Should anyone miss the point on the connection between the map and the proposed casino, slide 7 spells it out: The Air Force position on the project is neutral, the first bullet point says. But there would be a “large concentration of people in proposed building,” the slide notes.

“Potential for Aircraft Crash/Mishap” is the last bullet point before Johnson opens the sessions up for discussion and questions.

The presentation features the Air Force’s winged-star insignia, as well as the shield of the 92nd Air Refueling Wing and its motto, “Duplum Incolumitatis,” or double security, on most pages.

Fairchild supplied a copy of the presentation slides to The Spokesman-Review but would not let Johnson or anyone else from the base comment on them. Inquiries were referred to the Air Mobility Command headquarters at Scott Air Force Base, which also declined to comment.

The push

Fairchild did not submit the racetrack map in comments to be considered for the casino project’s final EIS. During the preparation of that report, Peone said, the tribe talked with base officials about the resort tower and lowered the height by one story, to 145 feet. During the preparation of the impact statement, the main concern the tribe heard from opponents in the community was that the project would encroach upon the base, making it a more likely candidate for closure at some future date if Congress decides to shut down some military installations to save money.

“We’re not experts on (Base Realignment and Closure) proceedings,” Peone said, so the tribe hired a consultant to study the possible effects. Recently, it asked the consultant to also look at concerns about the potential hazard of the tower in the racetrack.

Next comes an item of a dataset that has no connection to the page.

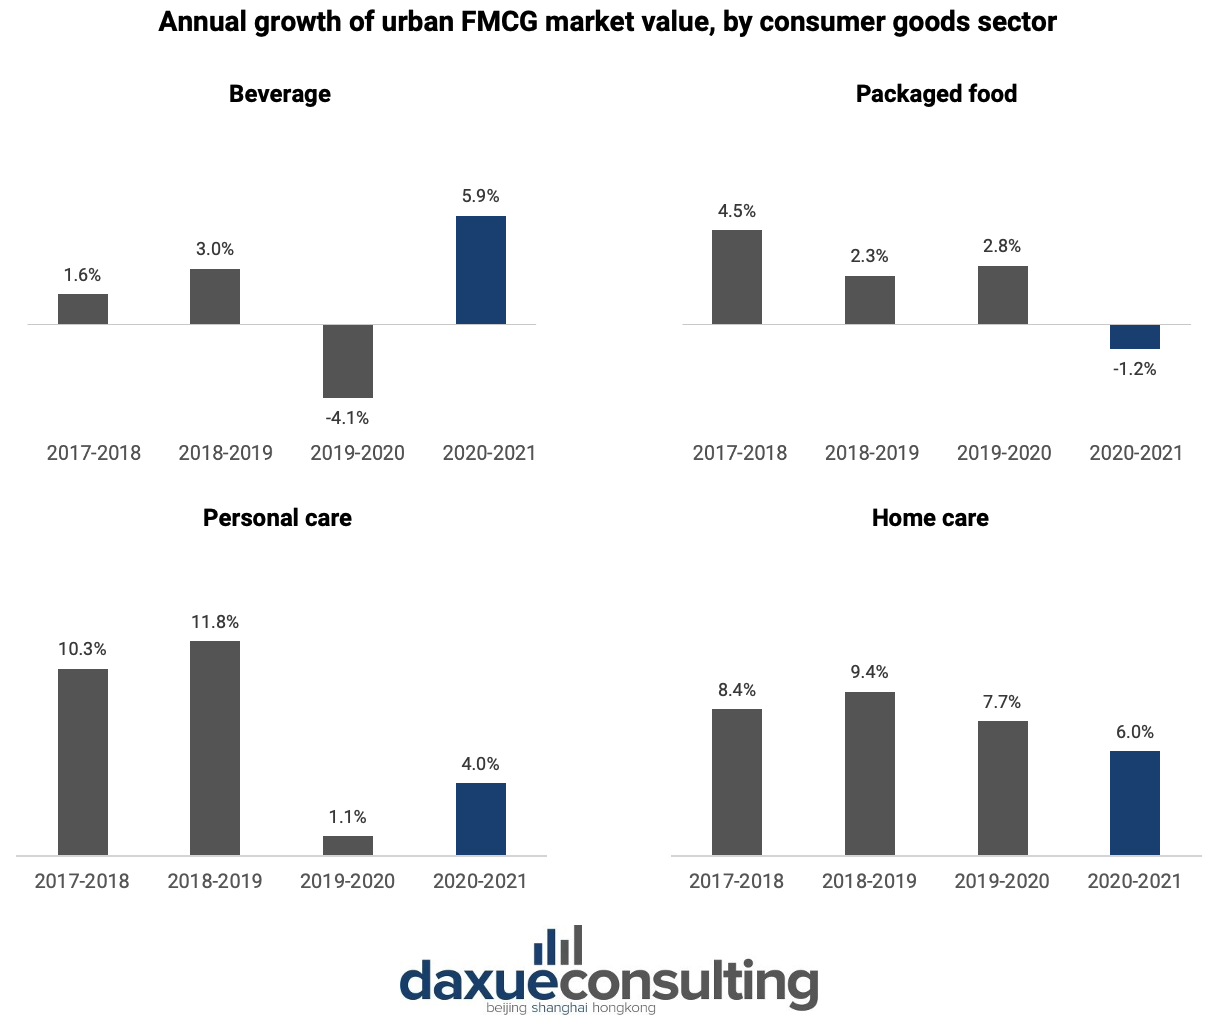 Chinas-FMCG-consumer-goods-sector-annual-growth-value

Peone wonders if the shift to concerns about flights near the resort tower is just a new way to “create a political backlash against the project.”

Opponents recently circulated a rumor that the tribe was looking to trade the land it owns along Highway 2 for other land outside the flight patterns. Peone said he’s heard the rumor but there’s no truth to it. No one has proposed any land to swap, and such a deal would set the project back years while the new land is put into trust and a whole new EIS is drafted and finalized.

The racetrack map is in the final impact statement, in comments made by a local engineering firm and by Greater Spokane Incorporated, the regional chamber of commerce. GSI opposes the casino and has one of its key committees, Forward Fairchild, working to bring new air-refueling tankers to the base and keep Fairchild off any base closure list.

Fred Zitterkopf, former civilian head of the base’s civil engineering office and a member of Forward Fairchild, said officials at a base usually avoid saying yes or no to a local project, waiting for the community to work out any disputes. But the casino project is an unusual situation, he said, and when concerns about building the tower in the racetrack surfaced late in the EIS process, someone higher up the chain of command should have made a statement.

“It ought to have come from the Pentagon,” Zitterkopf said.